[
https://issues.apache.org/jira/browse/HDFS-5014?page=com.atlassian.jira.plugin.system.issuetabpanels:comment-tabpanel&focusedCommentId=13749447#comment-13749447
]
Chris Nauroth commented on HDFS-5014:
-------------------------------------
I'm going to be mostly offline until 9/2. I'm not +1 for the current patch,
but I would be +1 if it was changed to hold the write lock for all of
{{updateActorStatesFromHeartbeat}}. I'd like to seek out a second opinion
though, because concurrency is hard. :-) [~tlipcon], maybe you could take a
look since you originally coded HDFS-2627?
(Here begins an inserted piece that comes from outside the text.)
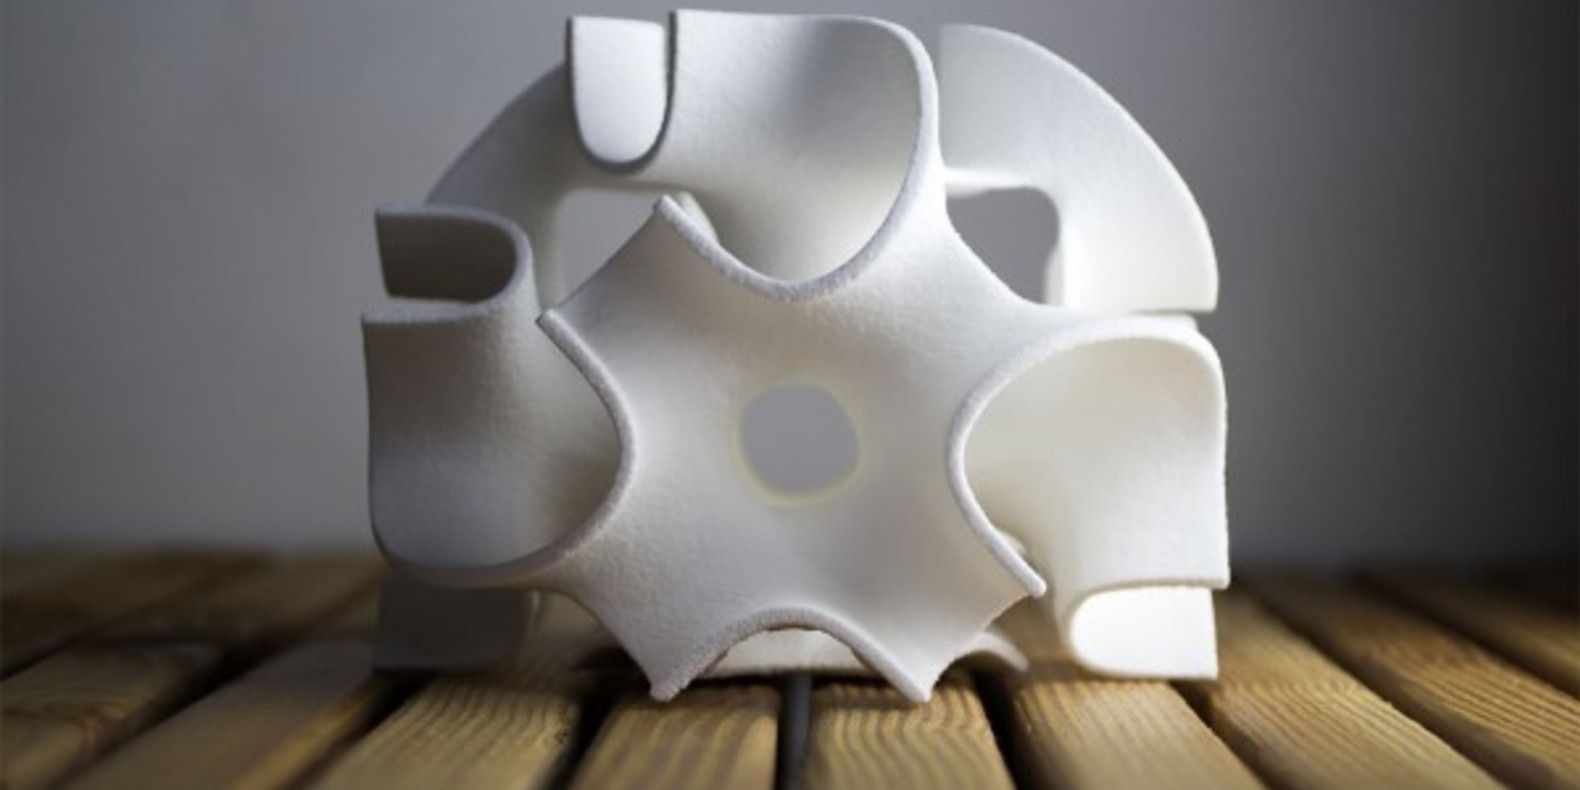 sculptures de sucre the sugar lab cults fichier 3D imprimante 3D patisserie cuisine 3D gateau

Vinay, thank you for reporting the bug and working through the feedback on the
patch.
bq. I dint understand how we could get 'some unfortunate interleavings'. Can
you please explain.. I thought since we are reading under lock, we would get
correct state always.
The challenge is that we are updating multiple pieces of data
({{bpServiceToActive}}, {{bposThinksActive}}, {{lastActiveClaimTxId}}, and
{{isMoreRecentClaim}}), and the failover handling logic isn't correct unless
those pieces of data are consistent with one another. Without mutual
exclusion, we can end up with {{bposThinksActive}} true even though
{{bpServiceToActive}} has changed, or we could end up with
{{isMoreRecentClaim}} true, even though a more recent transaction ID has been
seen.
In the following examples, assume T1 and T2 are separate threads for separate
{{BPServiceActor}} instances/separate name nodes.
Example 1: race on {{bposThinksActive}}
# T1 acquires read lock.
# T1 calculates {{bposThinksActive}} true.
# T1 releases read lock.
# The OS suspends T1 here. (Note that T1 is holding neither read lock nor
write lock at this point.)
# T2 wakes up, processes a heartbeat, and executes all of
{{updateActorStatesFromHeartbeat}}. It determines that T2 is the new active,
so it updates {{bpServiceToActive}}.
# The OS suspends T2 here.
# T1 resumes. It still thinks {{bposThinksActive}} is true, even though the
other thread has changed {{bpServiceToActive}}.
# T1 now can fall into the block for {{else if (!nnClaimsActive &&
bposThinksActive)}} and set {{bpServiceToActive}} null.
# The OS suspends T1 and resumes T2.
# T2 now erroneously skips commands from the active NN, because
{{bpServiceToActive}} is null.
Example 2: race on {{isMoreRecentClaim}}
# T1 acquires read lock.
# T1 calculates {{isMoreRecentClaim}} based on {{lastActiveClaimTxId}} 1 and
{{txid}} 2 from the heartbeat.
# T1 releases read lock.
# The OS suspends T1 here. (Note that T1 is holding neither read lock nor
write lock at this point.)
# T2 wakes up, processes a heartbeat, and executes all of
{{updateActorStatesFromHeartbeat}}. It updates {{lastActiveClaimTxId}} to 3.
# The OS suspends T2 here.
# T1 resumes. It still thinks {{isMoreRecentClaim}} is true, even though the
other thread has changed {{lastActiveClaimTxId}}.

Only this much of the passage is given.